Genel Veri Koruma Yönetmeliği (GDPR) Nedir?
Genel Veri Koruma Yönetmeliği (General Data Protection Regulation, GDPR) 24 Mayıs 2016 tarihinde Avrupa Birliği Resmî Gazetesi'nde yayınlanan ve tüm Avrupa Birliği (AB) ve Avrupa Ekonomik Alanı (AEA) içerisinde yer alan bireyler için veri koruma ve gizliliğine ilişkin hazırlanmış bir düzenlemedir. Aynı zamanda kişisel verilerin AB ve AEA bölgeleri dışına aktarımını da ele alır.
GDPR'ın birincil amacı, bireylere kişisel verileri üzerinde kontrol sağlamak ve AB içindeki düzenlemeyi birleştirerek uluslararası ticaret için düzenleyici ortamı basitleştirmektir.

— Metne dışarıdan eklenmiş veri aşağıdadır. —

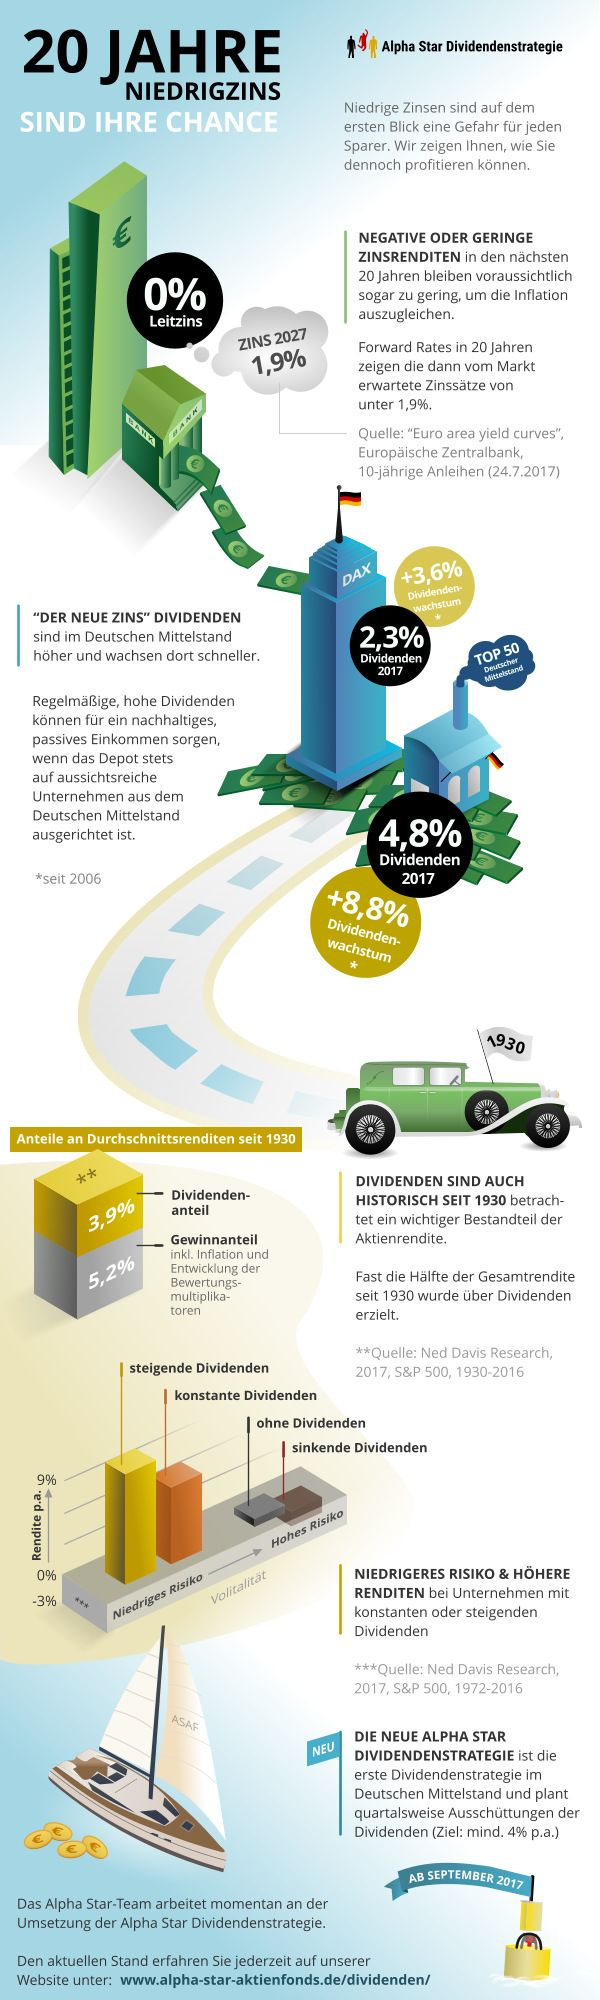 Infografik: 20 Jahre Niedrigzins

Düzenleme kapsamında, kişisel verileri işleyen tarafların (veri sorumlusu, veri işleyen) veri koruma ilkelerini uygulamak için gerekli teknik ve kurumsal önlemleri alması bir yükümlülüktür. Bu yükümlülükler kapsamında kişisel verilerin işlendiği iş süreçleri, veri koruma ilkeleri göz önünde bulundurularak tasarlanmalı ve verileri korumak için önlemler alınmalıdır.
GDPR ile gelen en önemli koruma tedbirlerinin arasında ise risk faktörlerinin değerlendirilmesi gelmektedir. Ülkemizde veri korumaya yönelik yürürlükte olan Kişisel Verilerin Korunması Kanunu (KVKK) içerisinde hiç risk atfı yer almazken GDPR yirminin üzerinde risk atfı yapmıştır.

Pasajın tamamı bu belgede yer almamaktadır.